Three valuation lenses, measuring AI companies at different stages
As for computational output, it is the most intriguing—and also the riskiest—valuation method in the AI era. Traditional manufacturers look at output per production line, energy companies at revenue per barrel of oil or per kilowatt-hour, and telecom firms at revenue per gigabyte of data traffic. AI companies, meanwhile, can assess how many tokens, inference requests, enterprise revenues, and gross profits are generated per GPU, per megawatt of power, or per dollar spent on compute capacity. The advantage of this approach is that it grounds AI valuations in tangible productivity rather than abstract narratives. Compute isn’t a matter of faith—it’s a form of productive capital. Model quality, scheduling efficiency, compression techniques, inference optimization, and customer pricing all determine whether the same batch of GPUs can generate more revenue.
However, computational output alone shouldn’t be used in isolation. The value of AI output isn’t measured by token count but by its problem-solving capability. Generating vast quantities of tokens at low cost yields only data noise if it doesn’t translate into improved enterprise efficiency, user payments, or workflow displacement. Truly effective compute-based valuation should focus on 'effective compute revenue': how much sustainable revenue each GPU-hour generates, how much gross profit each million tokens deliver, how many enterprise contracts each megawatt of capacity supports, and whether compute utilization remains stable between peak and off-peak periods. This is far more meaningful than merely comparing model parameters, GPU counts, or data center scale.
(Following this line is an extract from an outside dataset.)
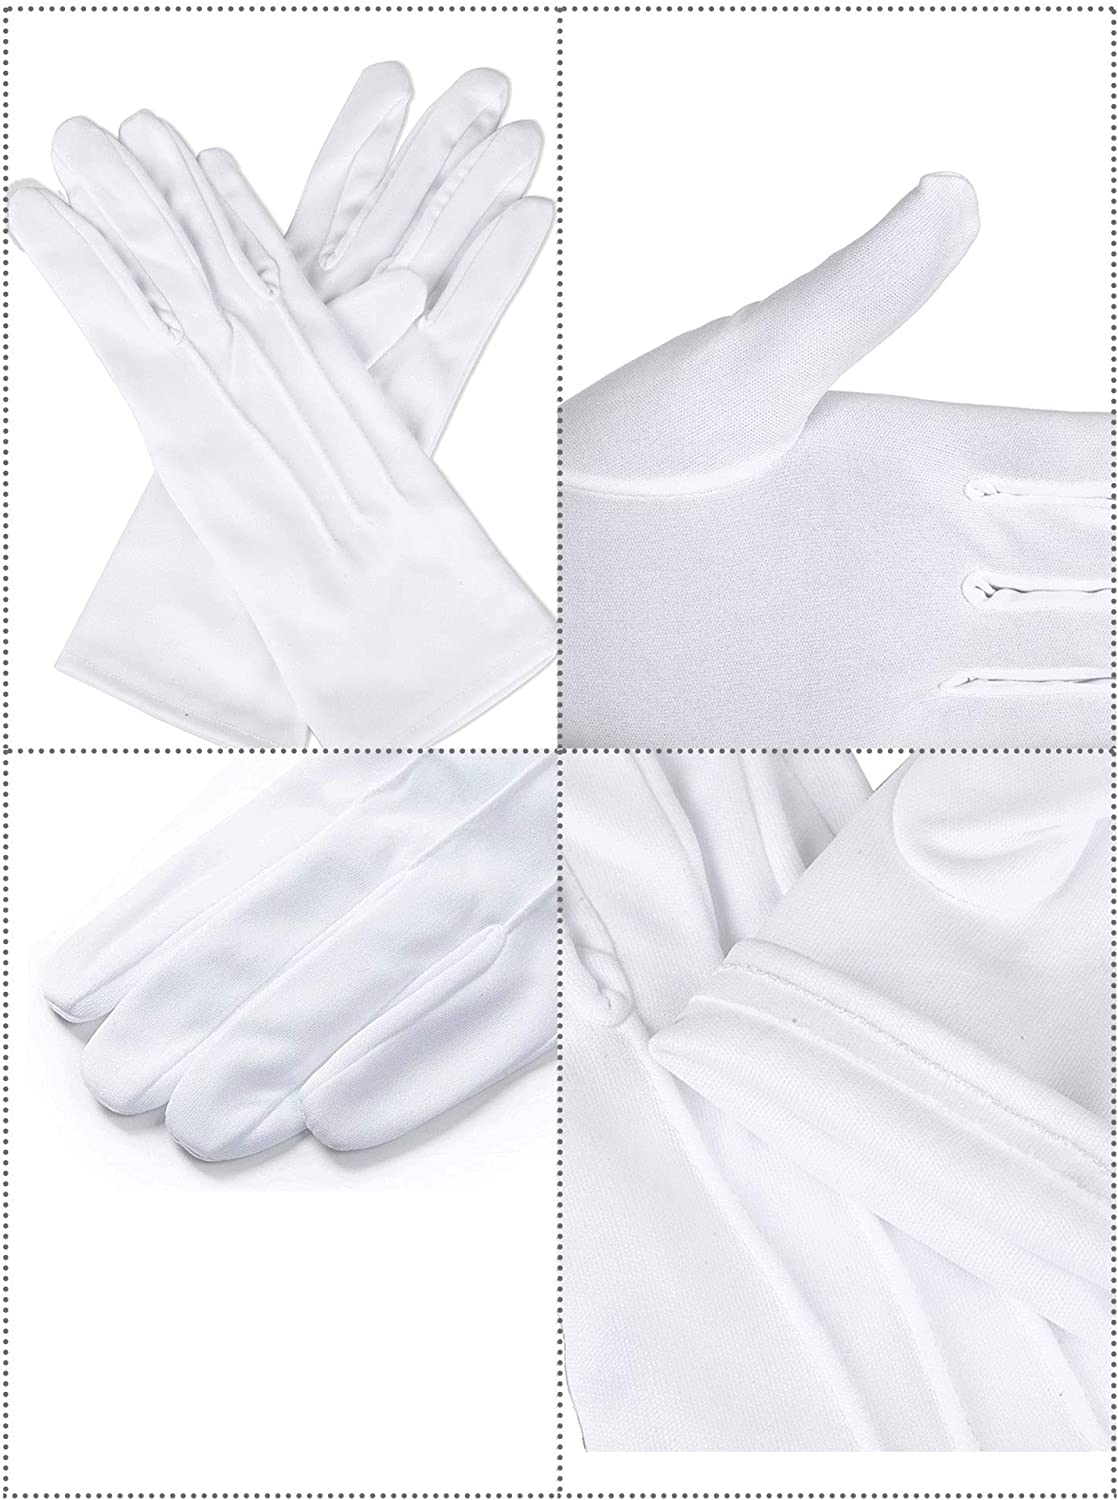 12 Pairs Uniform Gloves Spandex White Dress Gloves for Parade Formal Guard Costume

Therefore, AI valuations shouldn’t force a choice among revenue multiples, EBITDA, and computational output—they should layer these metrics according to a company’s position in the value chain. For model and application companies, revenue multiples may be appropriate early on, but gross margins and customer retention must be scrutinized. Mature software and platform businesses should gradually shift toward EBITDA and free cash flow. Meanwhile, AI cloud providers, data centers, and compute-leasing firms must incorporate computational output, utilization rates, contract backlogs, depreciation, and power costs. The closer a business is to infrastructure, the more it should emphasize asset efficiency; the closer to applications, the more it should focus on customer value; and the closer to foundational models, the more it should prioritize R&D efficiency and ecosystem stickiness.